Former BP engineer convicted of obstructing federal oil spill probe
Single count of obstruction of justice carries maximum sentence of 20 years in prison, $250,000 fine
NEW ORLEANS—A former BP drilling engineer was convicted of deleting text messages from his cellphone to obstruct a federal investigation of the company’s massive 2010 oil spill in the Gulf of Mexico.
Kurt Mix was found guilty on one charge and acquitted of a second charge.
A federal jury deliberated for more than nine hours over three days before reaching the verdict on Mix’s case.
The count of obstruction of justice carries a maximum sentence of 20 years in prison and a $250,000 fine.
Mix was released on his present bond.
His sentencing is scheduled for March 26.
Mix hugged his friends and family members in the courtroom before leaving the courthouse hurriedly.
“I’m only going to speak through counsel,” he said to a reporter trying to ask him a question.
Trailing behind her brother in the courthouse lobby, Bridget Mix called the verdict “just unbelievable.”
“You can’t wrap your head around any of it,” she said.

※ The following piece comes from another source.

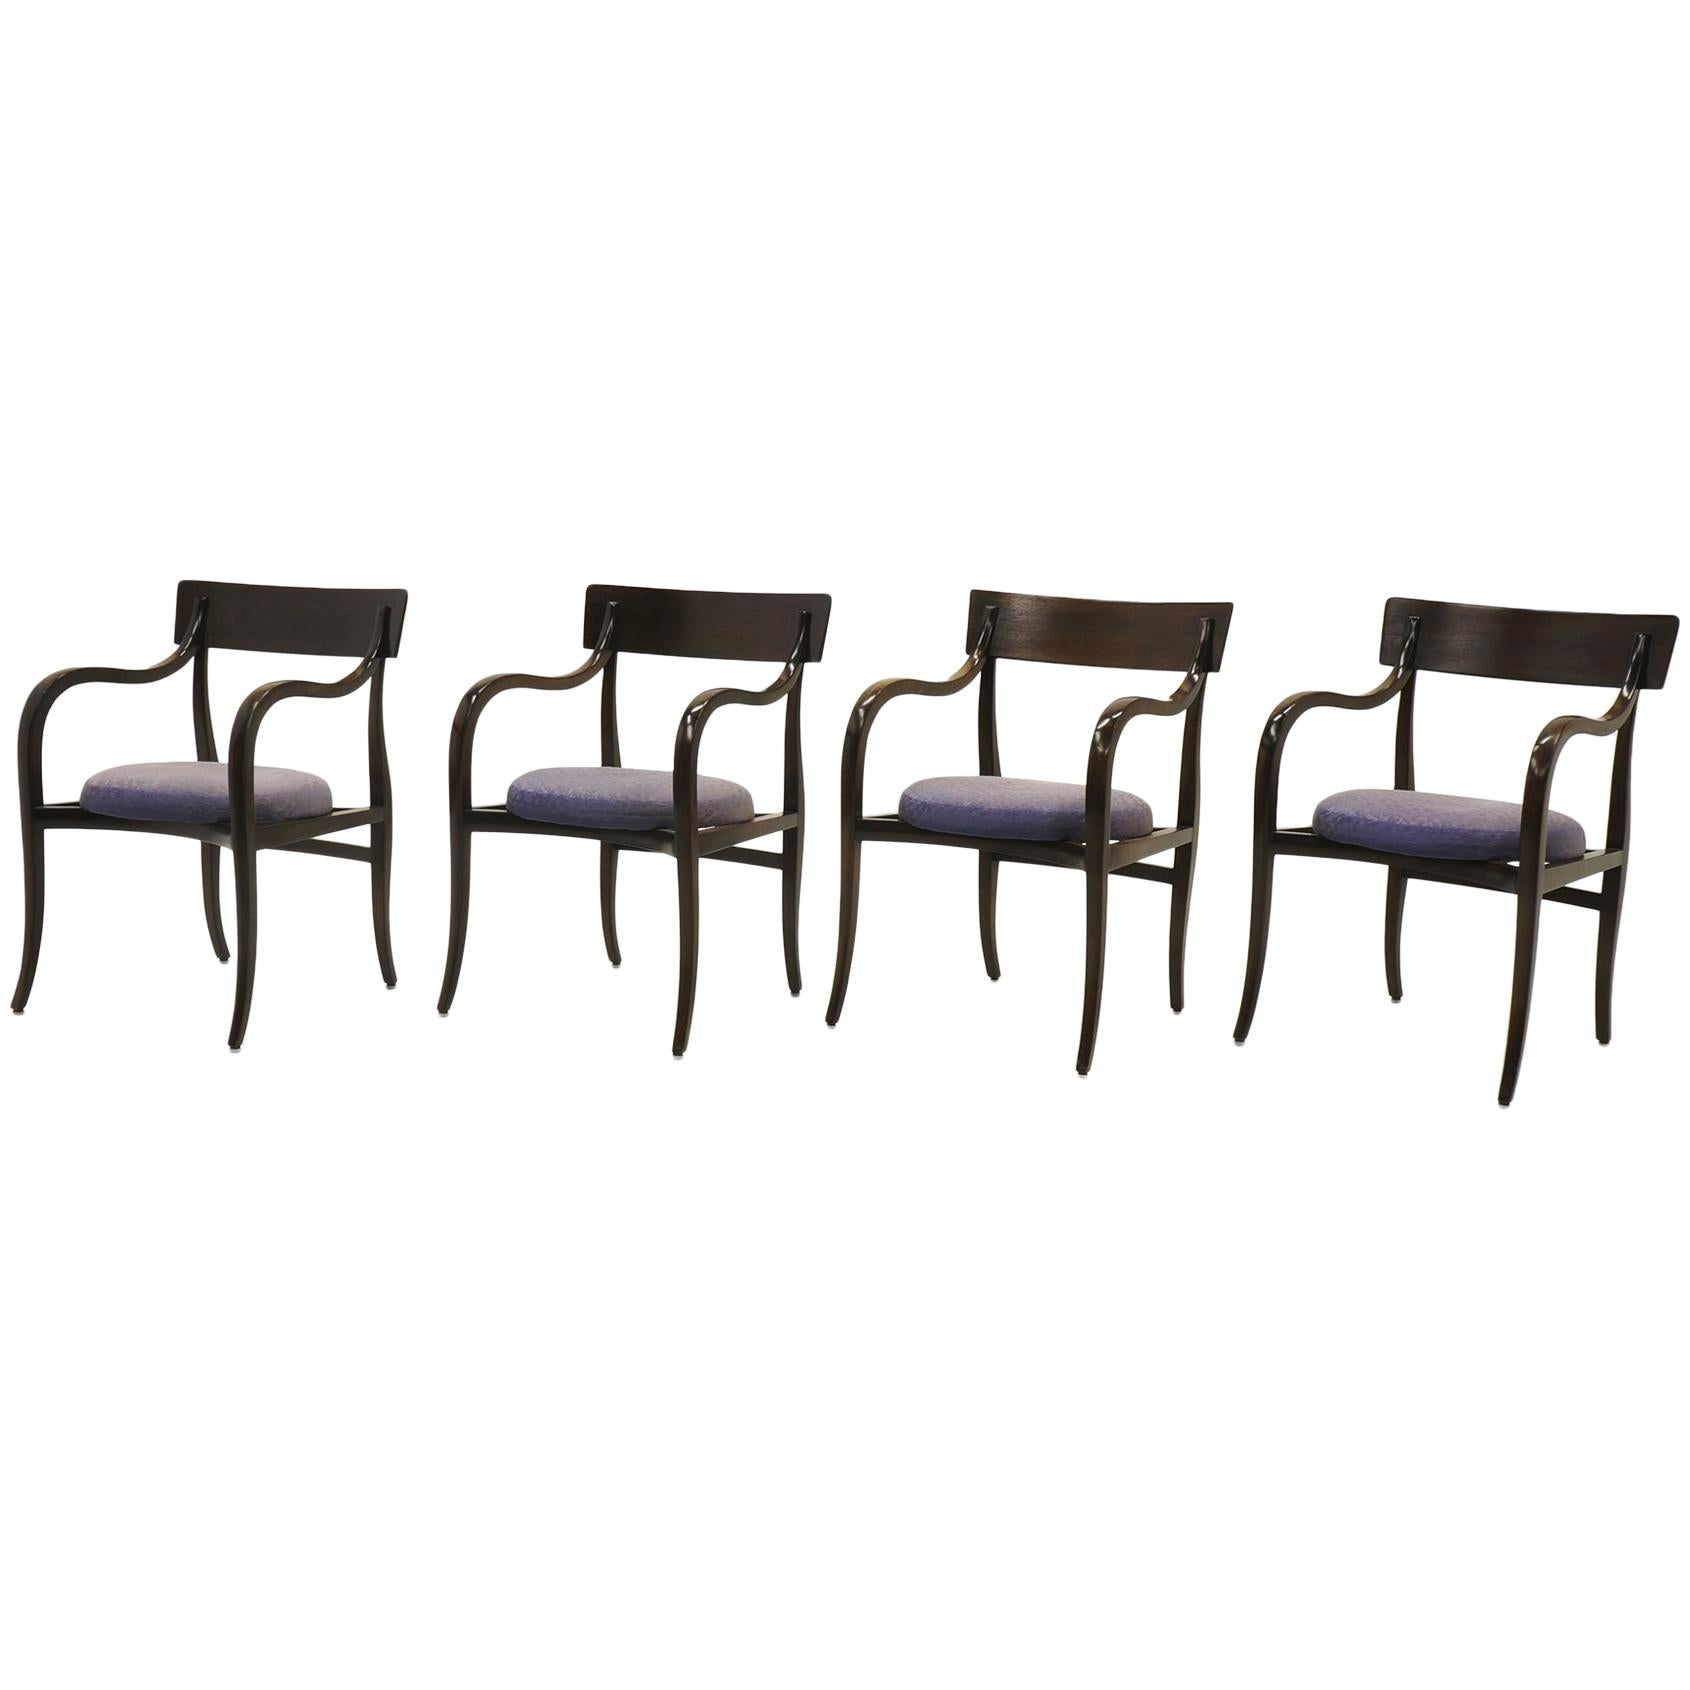 Four Alexandria Chairs by Edward Wormley for Dunbar, Elegant Modern at Its Best
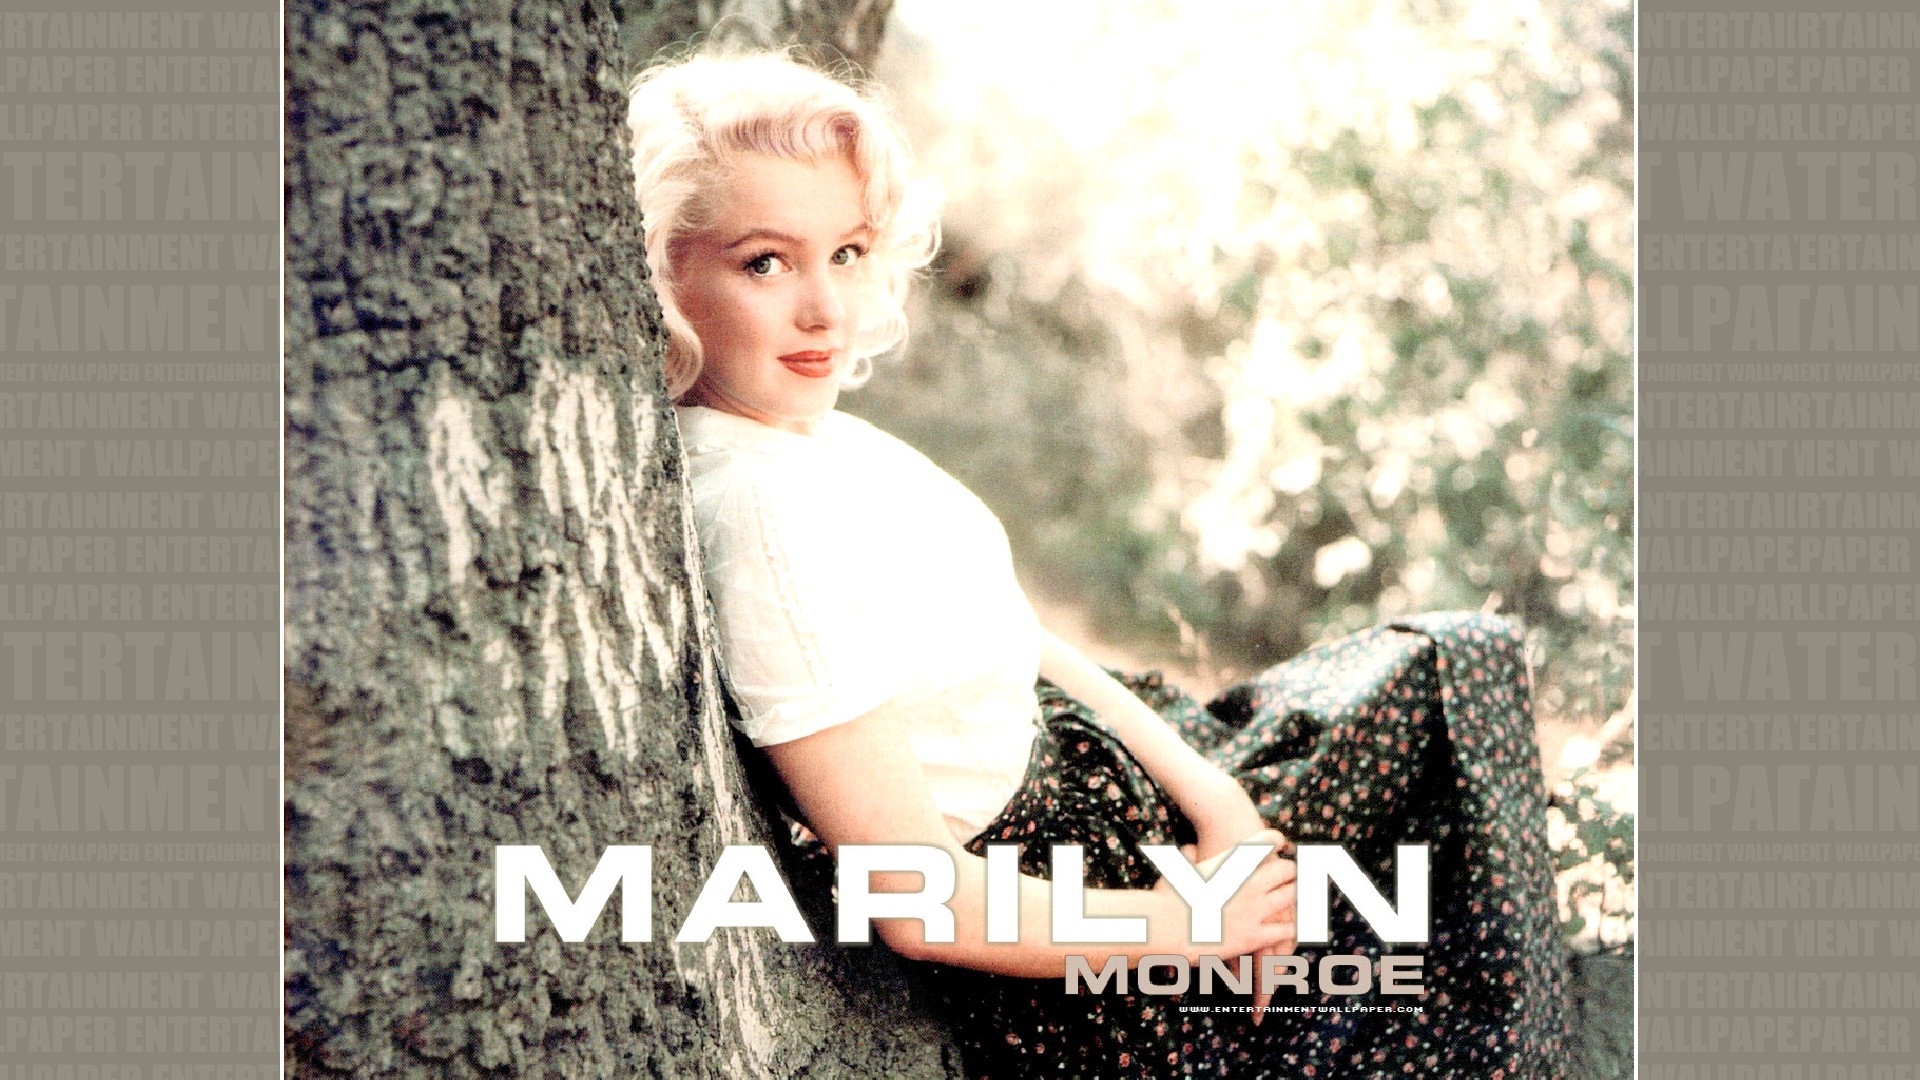 1920x1080 Marilyn Monroe Wallpaper - Original size, download now.

Prosecutors argued that the 52-year-old engineer from Katy, Texas, was trying to destroy evidence when he deleted hundreds of text messages to and from a supervisor and a BP contractor.
An indictment also accused Mix of deleting two voicemails from the same two people.
Mix was convicted of the count that charged him with deleting the string of messages with his supervisor, Jonathan Sprague, and acquitted of the count that charged him with deleting the string of messages with contractor Wilson Arabie.
Sprague didn’t testify at the trial, but Arabie was a prosecution witness.
Outside the courthouse after the verdict, two jurors told reporters that the lack of testimony from Sprague and the fact that 17 messages in that string couldn’t be recovered were factors in their votes to convict Mix of that count.
“Sprague would have been the determining factor,” said juror William Gunn, 48, of New Orleans. “There were missing texts, and we couldn’t tell if they were relevant or not.”
“It was the unknown, and Sprague was the other half of that unknown,” added fellow juror Scott Galliano, 49, of Luling, La.
U.S. District Judge Stanwood Duval Jr. had instructed jurors that they couldn’t give “undue weight” to the 17 unrecovered text messages.
After returning Dec. 18, they deliberated for less than an hour before reaching the unanimous verdict.
“It was just a very tough decision,” Galliano said.
Mix’s lawyers said their client didn’t hide anything.
He preserved other records containing the same information contained in the deleted messages, they told jurors.
“We remain as convinced as ever of Kurt Mix’s innocence,” defence attorney Joan McPhee said after the verdict. “We intend to continue to fight to ensure that justice is done in this case.”
A Justice Department official, Mythili Raman, thanked federal investigators for their “dedication and tenacity” on the case.
“This prosecution shows the commitment of the Justice Department to holding accountable those who interfere with the administration of justice,” Raman said in a statement.
Mix, who didn’t testify at his two-week trial, was one of four current or former BP employees charged with crimes related to the spill.
His case was the first to be tried.
The April 20, 2010, blowout of BP PLC’s Macondo well triggered an explosion that killed 11 workers on the Deepwater Horizon drilling rig and spawned the nation’s worst offshore oil spill.
Millions of gallons of oil spewed into the Gulf while the company scrambled for weeks to seal the well.
Mix was on a team of experts who worked on BP’s unsuccessful attempt to stop the gusher using a technique called “top kill.”
He had access to internal data about how much oil was flowing from the blown-out well.
On May 26, 2010, the day that top kill began, Mix estimated in a text to Sprague that more than 630,000 gallons of oil per day were spilling—three times BP’s public estimate of 210,000 gallons daily and a rate far greater than what top kill could handle.
Mix deleted the string of messages with Sprague in October 2010.
In August 2011, Mix also deleted a string of text messages that he exchanged with Arabie.
Several weeks earlier, federal authorities issued a subpoena to BP for copies of Mix’s correspondence.
The same count that charged Mix with intentionally deleting those messages also says Mix deleted a voicemail from Arabie and a voicemail from Sprague.